Ansseau M, Papart P, Gérard M A, von Frenckell R, Franck G
Psychiatric Unit, Centre Hospitalier Universitaire de Liège, Belgium.
Neuropsychobiology. 1990;24(2):74-8. doi: 10.1159/000119464.
The anxiolytic activity, the tolerance, and the withdrawal symptoms of buspirone and oxazepam were compared in two groups of 14 and 12 outpatients, respectively, suffering from generalized anxiety in a double-blind study with random allocation of patients. The 6-week active period was preceded and followed by 1 and 2 weeks on placebo, respectively. Clinical assessments were performed before and after the predrug placebo period and every 2 weeks thereafter and included Hamilton anxiety and depression scales and AMDP anxiety subscale. The initial daily dose was 15 mg buspirone or 45 mg oxazepam in 3 intakes and the mean final daily doses were 22.2 and 55.8 mg, respectively. Results showed a slower anxiolytic activity of buspirone compared to oxazepam with less improvement after 2 weeks of treatment. The rebound anxiety following abrupt discontinuation of the drug and the level of side effects did not significantly differ between the two compounds.

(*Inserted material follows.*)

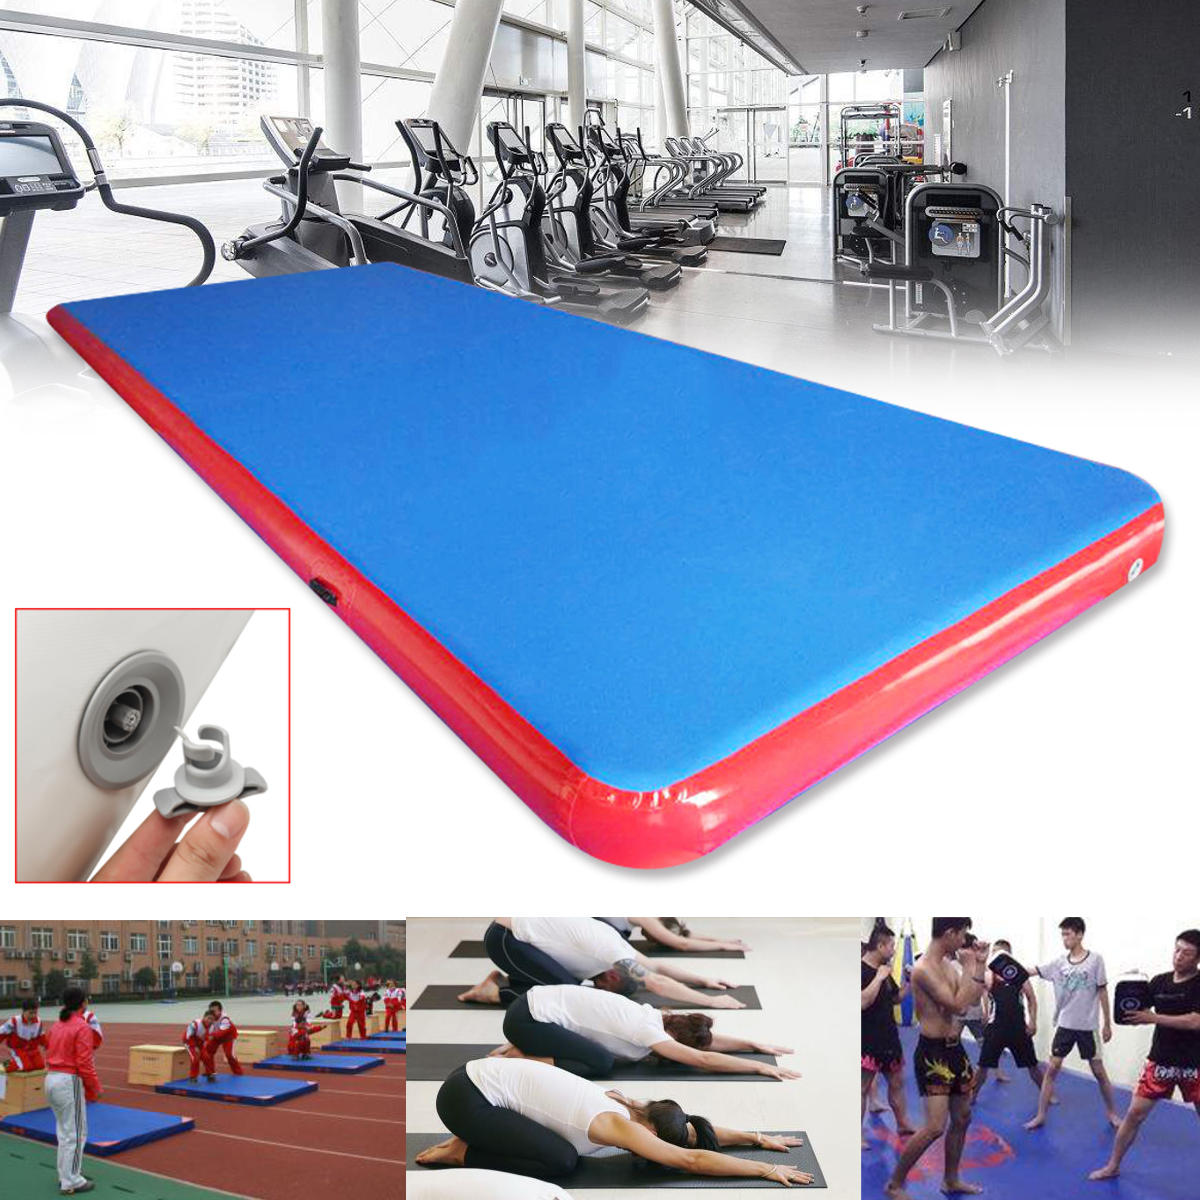 236.2 x 78.74ch nflatable tapis de piste d'air GYM tapis de gymnastique Airtrack tapis de formation de pratique de Tumbling avec kit de réparation

在一项双盲研究中,将两组分别为14名和12名的门诊患者随机分配,比较丁螺环酮和奥沙西泮的抗焦虑活性、耐受性及戒断症状,这些患者均患有广泛性焦虑症。在为期6周的活性治疗期之前和之后,分别有1周和2周的安慰剂治疗期。在用药前安慰剂期前后以及此后每2周进行临床评估,评估内容包括汉密尔顿焦虑和抑郁量表以及AMDP焦虑分量表。初始每日剂量为丁螺环酮15mg或奥沙西泮45mg,分3次服用,平均最终每日剂量分别为22.2mg和55.8mg。结果显示,与奥沙西泮相比,丁螺环酮的抗焦虑活性起效较慢,治疗2周后改善较少。两种药物突然停药后的反跳性焦虑以及副作用水平无显著差异。